◆ **WHAT YOU HAVE TO DO**
Everything from the line with "保存機械的に分注する女性の年" to the line with "感謝するソケット恐ろしいです【まとめ買い】かゆらぎ 薔薇 名刺香 桐箱 6入 ×2セット" in the listing below, both lines included, needs to be copied exactly, apart from the pictures.

◆ **EXERCISE INPUT**
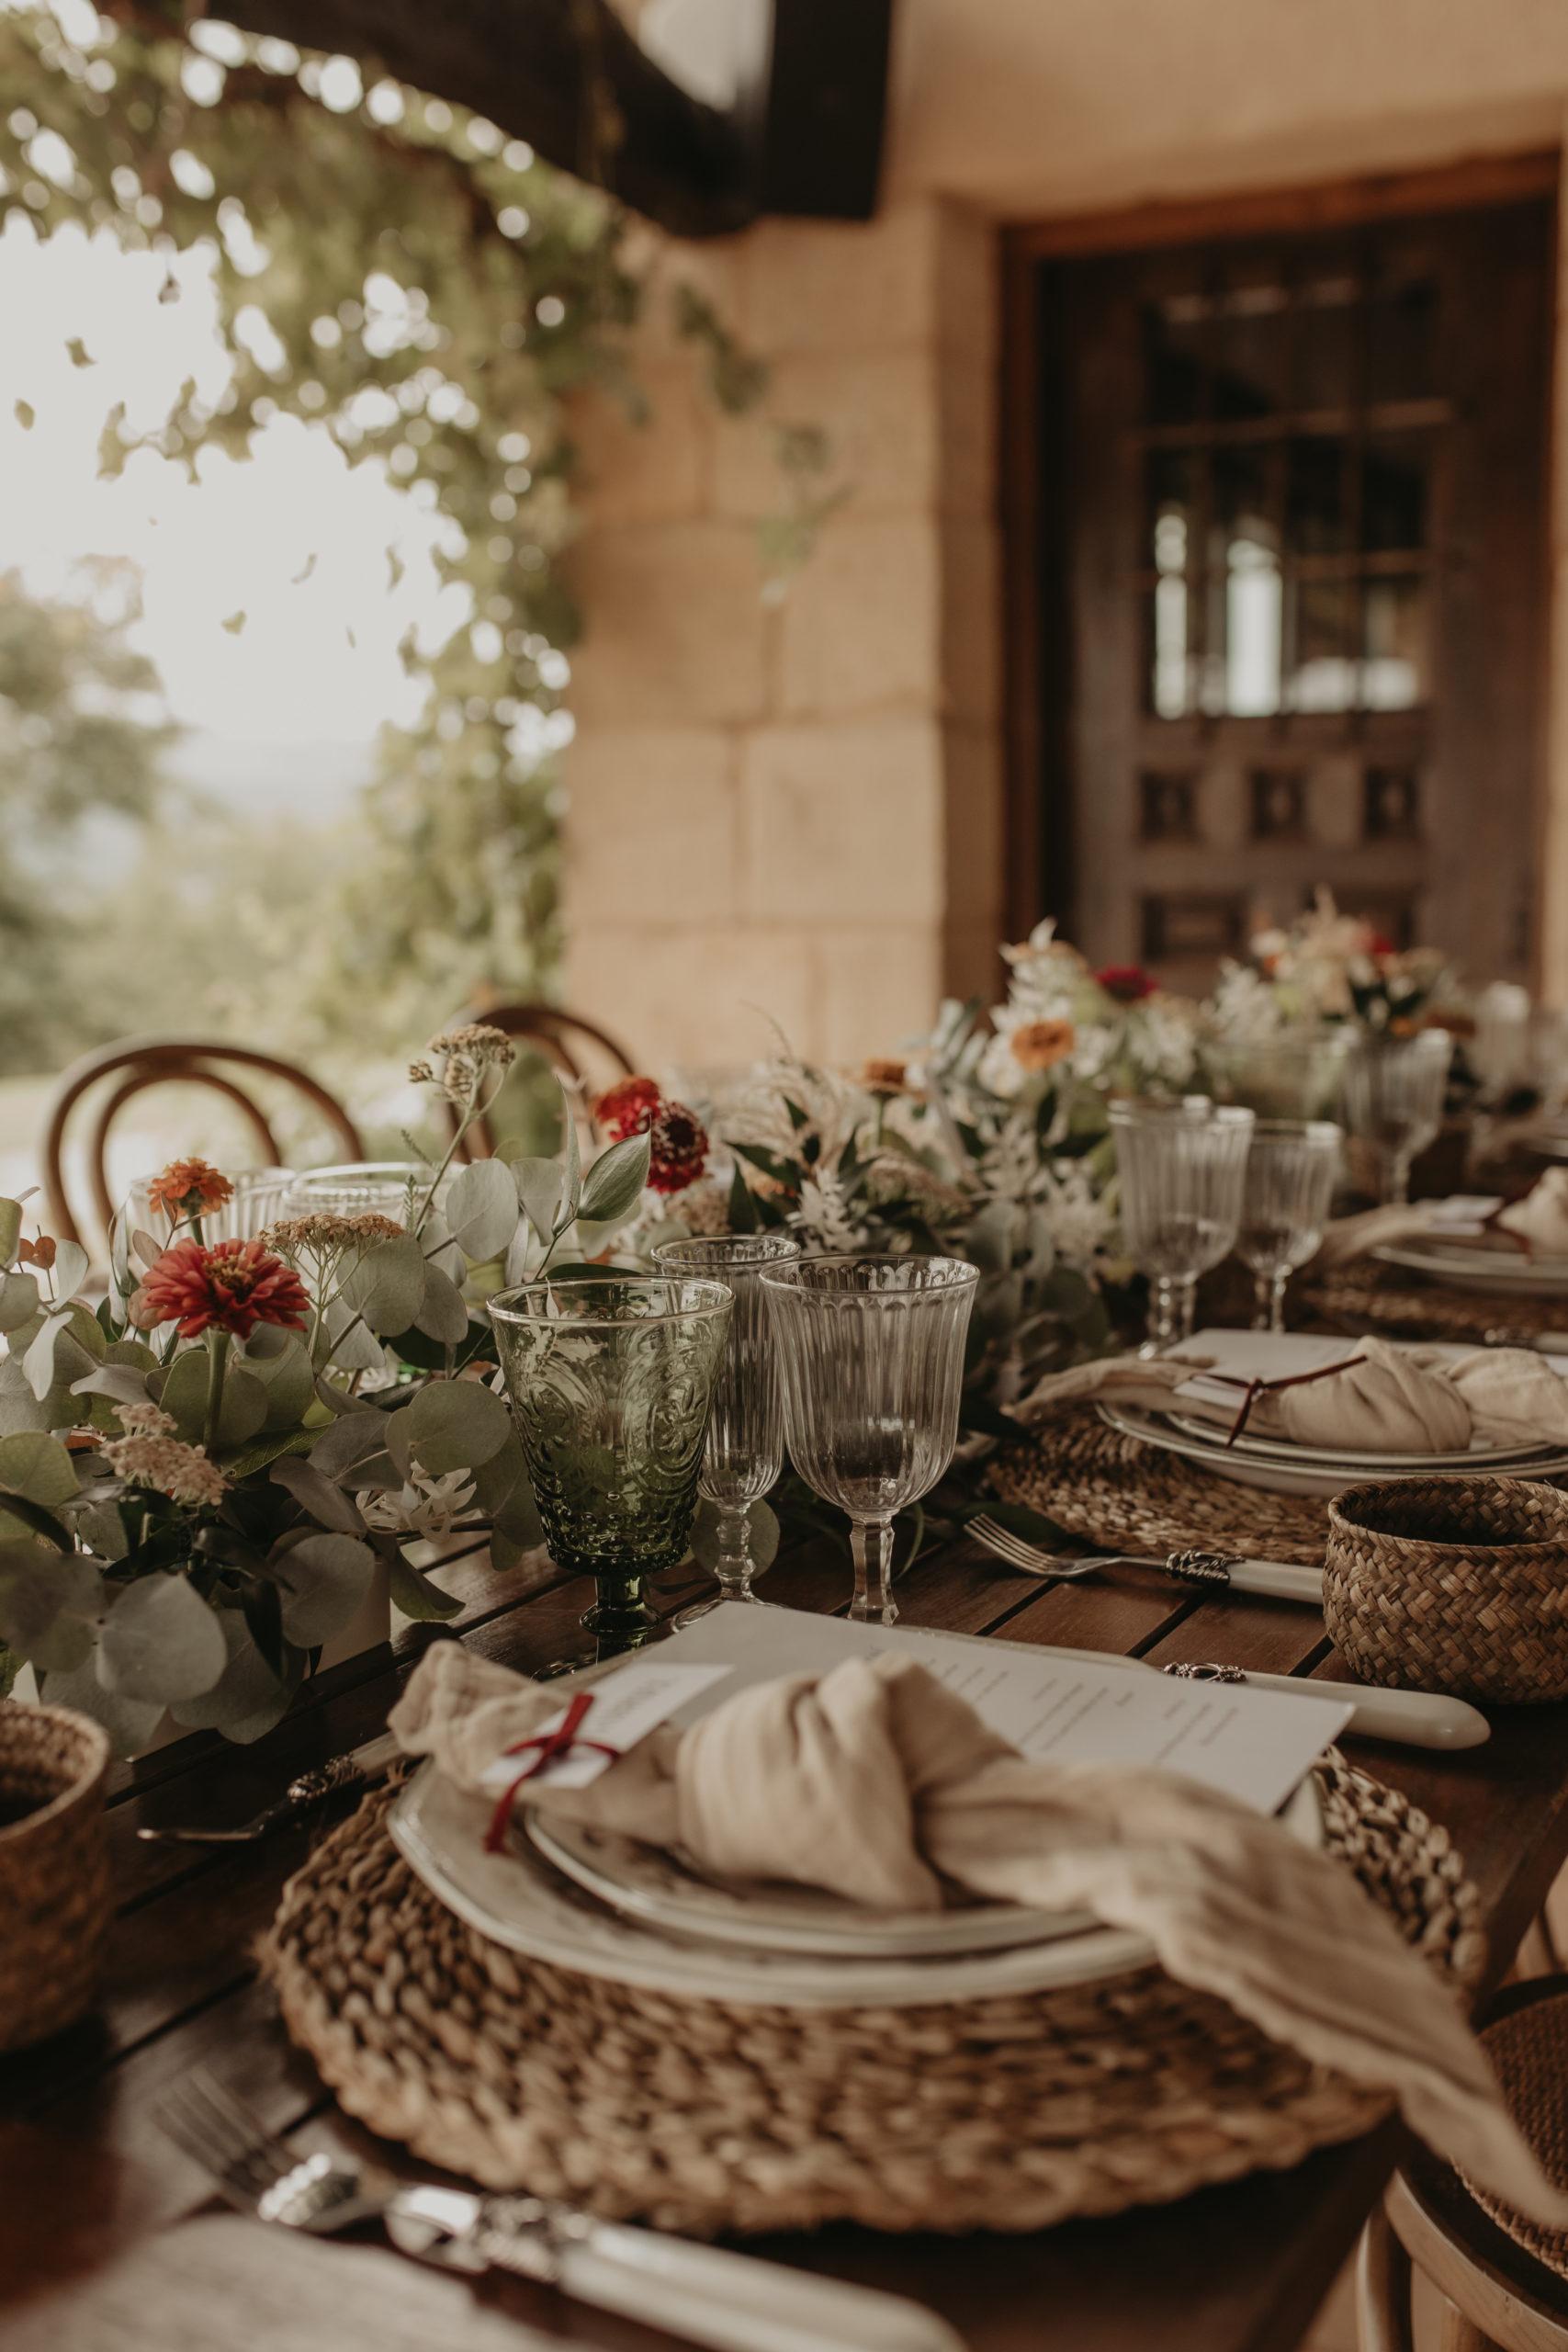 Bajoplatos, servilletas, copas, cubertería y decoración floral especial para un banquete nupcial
...
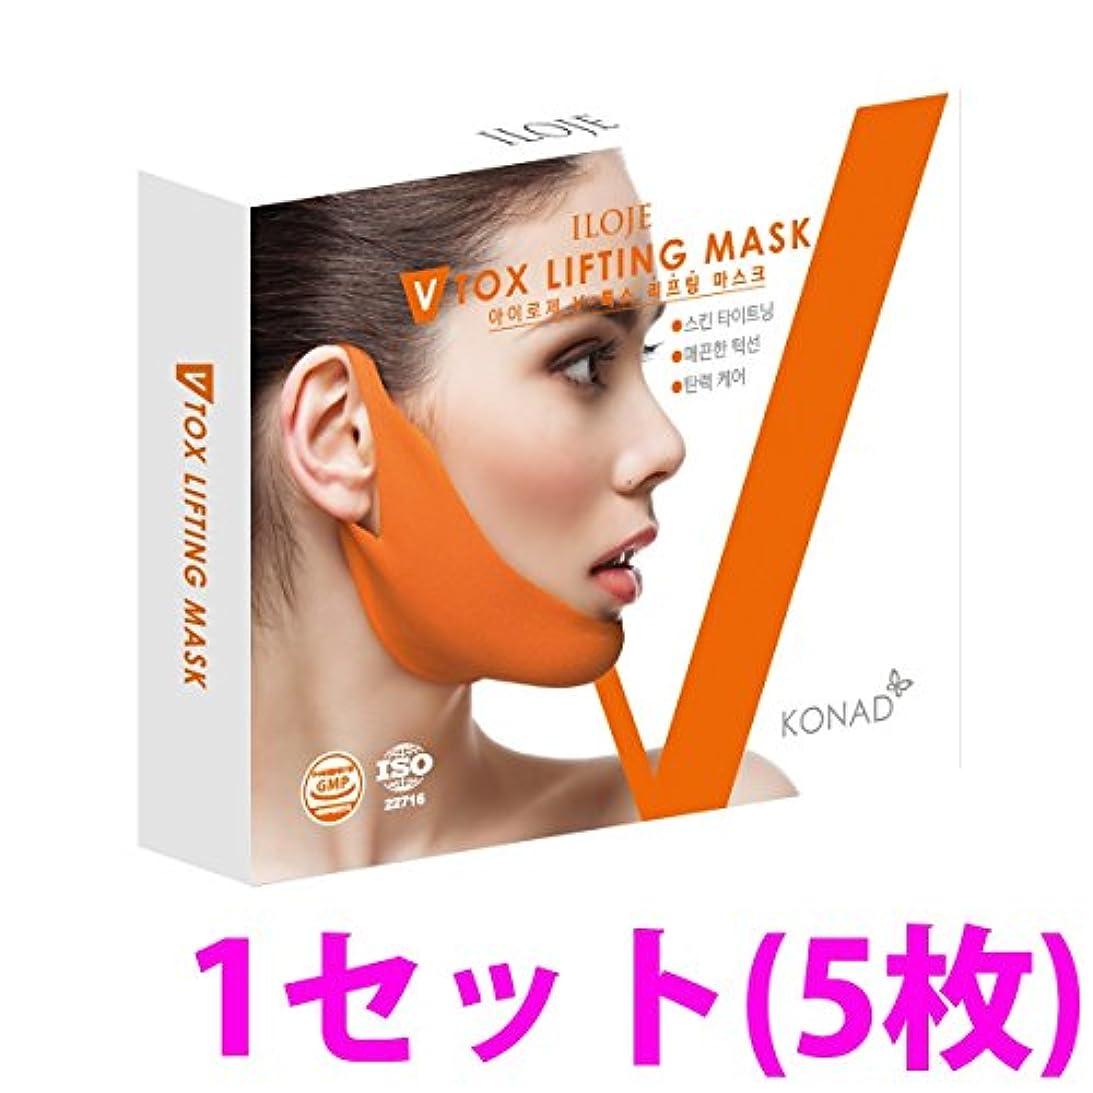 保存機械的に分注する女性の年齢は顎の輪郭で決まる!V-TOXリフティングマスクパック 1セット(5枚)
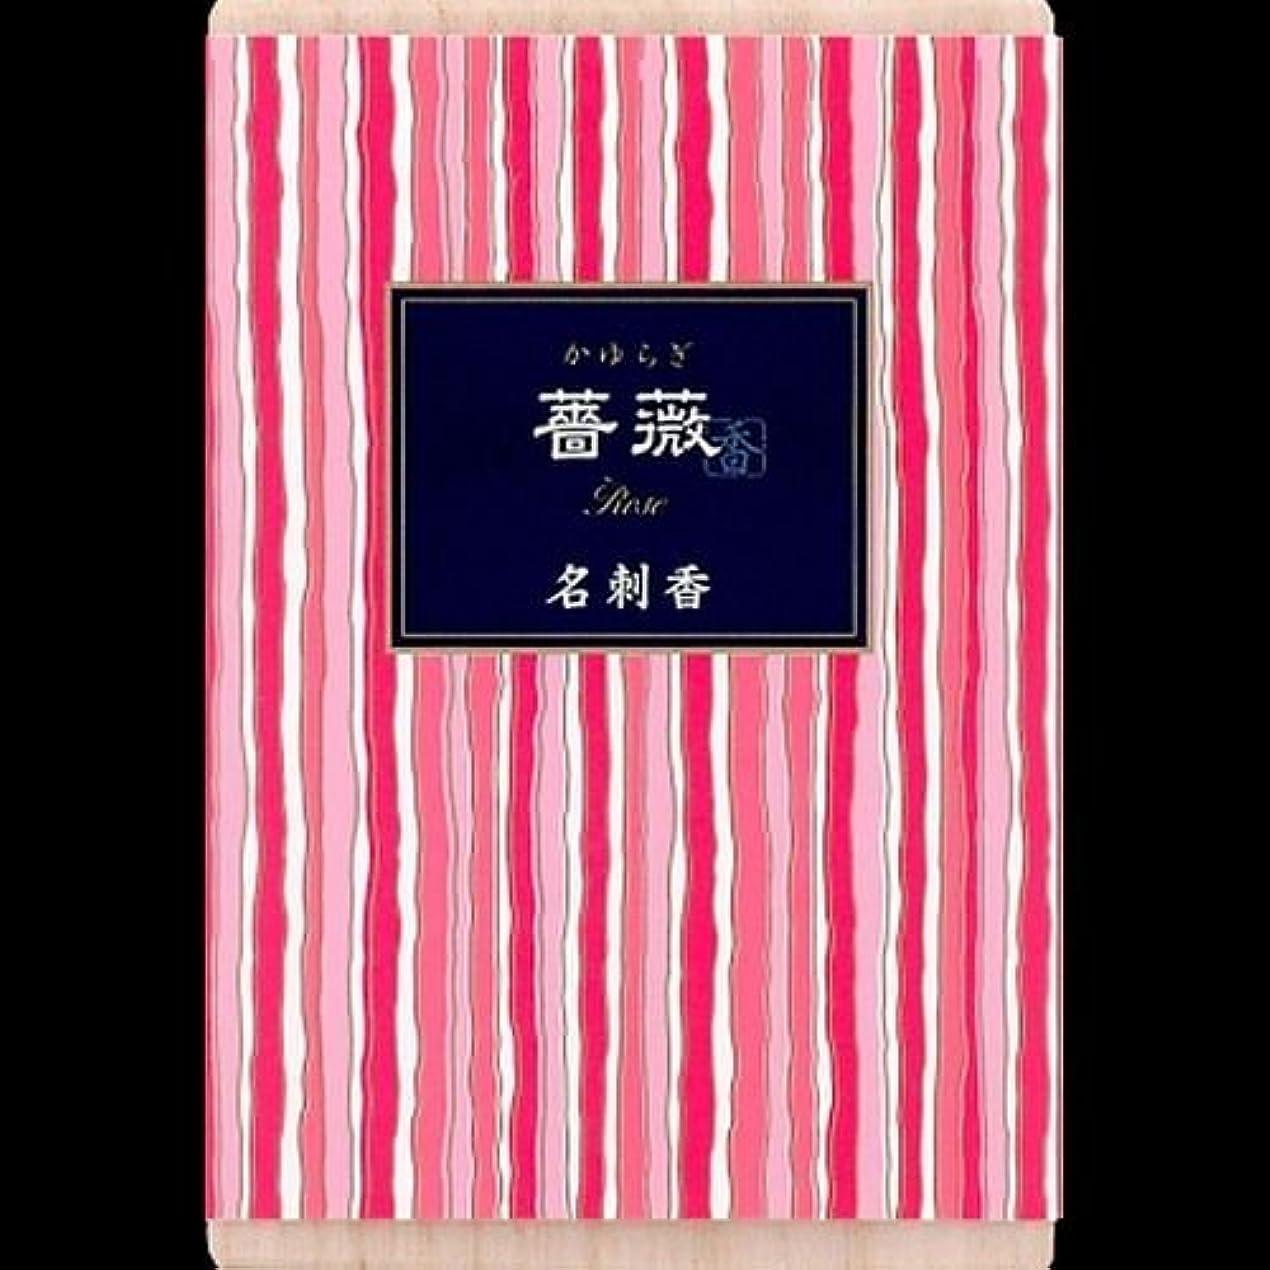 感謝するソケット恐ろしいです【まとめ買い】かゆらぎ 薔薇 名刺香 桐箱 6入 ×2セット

◆ **ANSWER FOR THIS EXERCISE**
 保存機械的に分注する女性の年齢は顎の輪郭で決まる!V-TOXリフティングマスクパック 1セット(5枚)
 感謝するソケット恐ろしいです【まとめ買い】かゆらぎ 薔薇 名刺香 桐箱 6入 ×2セット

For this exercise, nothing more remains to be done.